The Skipper is the title and nickname of Jonas Grumby, a fictional character from the 1960s situation comedy Gilligan's Island. Played by Alan Hale Jr., the Skipper (the character's actual name was rarely mentioned after the show's pilot episode) was the owner and captain of the S. S. Minnow on its "three-hour tour" from Hawaii when he, first mate Gilligan (portrayed by Bob Denver), and their tourist passengers were caught in a violent storm and stranded on a deserted island. He acts often in his legal role as the group's leader, albeit with a decidedly collegial and democratic bent; the only individual whom he routinely orders about is Gilligan. In times of crisis, the Skipper tends to defer to the more level-headed and educated passenger, Professor Roy Hinkley (portrayed by Russell Johnson). He does most of the physical work on the island or makes Gilligan do it. He is also the most superstitious castaway, sometimes putting him in conflict with the Professor's rationalism. The Skipper is usually depicted wearing a blue polo shirt and captain's hat.

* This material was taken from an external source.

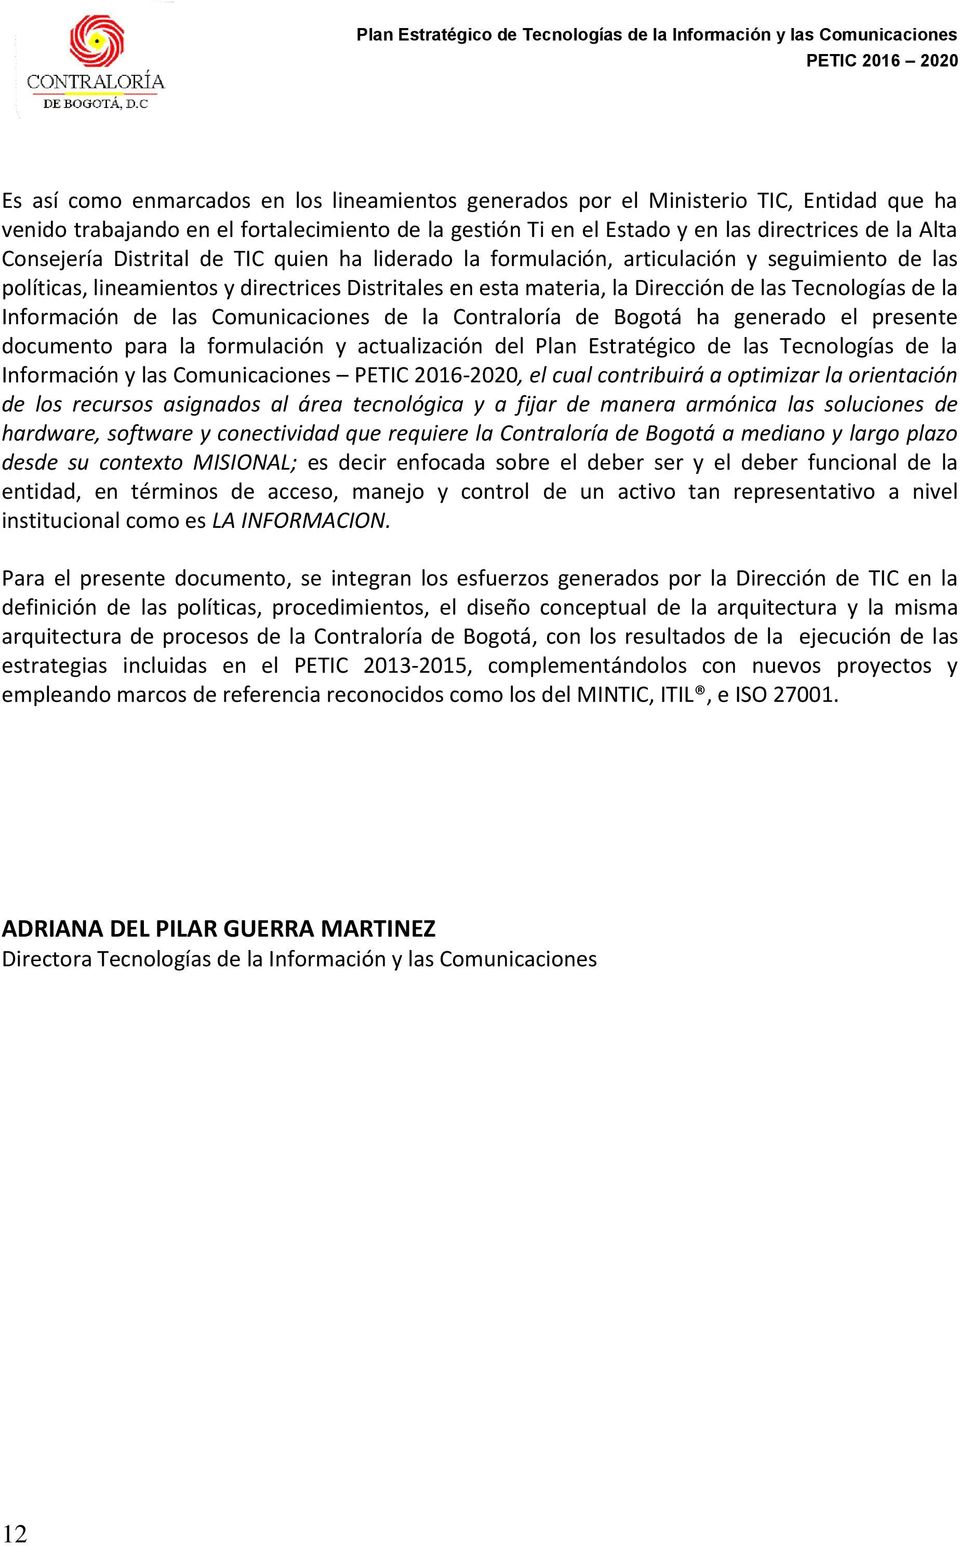 la Información de las Comunicaciones de la Contraloría de Bogotá ha generado el presente documento para la formulación y actualización del Plan Estratégico de las Tecnologías de la Información y las

The Skipper is irritated continually by the clumsiness and ineptitude of his "little buddy" Gilligan; despite that, they are good friends. A running gag is that the Skipper conks Gilligan on the head with his hat whenever Gilligan exhibits incompetence. One variation of this gag occurs when Gilligan (on rare occasion) does something right or correctly predicts an outcome. The Skipper prepares to conk Gilligan, then restrains himself due to the fact Gilligan was right. Another running gag is that whenever Gilligan is in a tree as a lookout and falls down, he usually lands on the Skipper.

== In other media ==
In the 2003 book Gilligan's Wake (ISBN 0-312-29123-X), Esquire film and television critic Tom Carson wrote a backstory that the Skipper served with John F. Kennedy of the PT-109 and McHale of McHale's Navy. John F. Kennedy was also skipper of his boat, and the 1964 Gilligan's Island would follow the 1961 pilot episode of McHale's Navy, the 1962 series, and the 1963 movie PT 109 as films about PT-sized boats that were shipwrecked with Navy sailors on board. Little was ever learned about his past, but in several episodes he mentions variously having several ships blown out from under him, and his veteran's status, implying that he had served in World War II. Two episodes indicate the Skipper was a veteran of the Battle of Guadalcanal as he relived an experience from the battle where he turned the radio into a transmitter, reliving the scenario in his sleep. In one episode he gets amnesia, and thinks he is on a covert mission behind enemy lines, mistaking the others for Japanese soldiers, including Ginger, whom he mistakenly believes to be a ventriloquist. He claims to be the CO of the 177th Infantry Regiment, which is a (fictional) U.S. Army regiment, but whether that actually happened or was just a wish-fulfilling fantasy is open to debate, for later on in the series he says that he was simply a cook. In one episode he claimed to have been a Navy Bandmaster and in another he claims to have been the best poker player in the US Navy.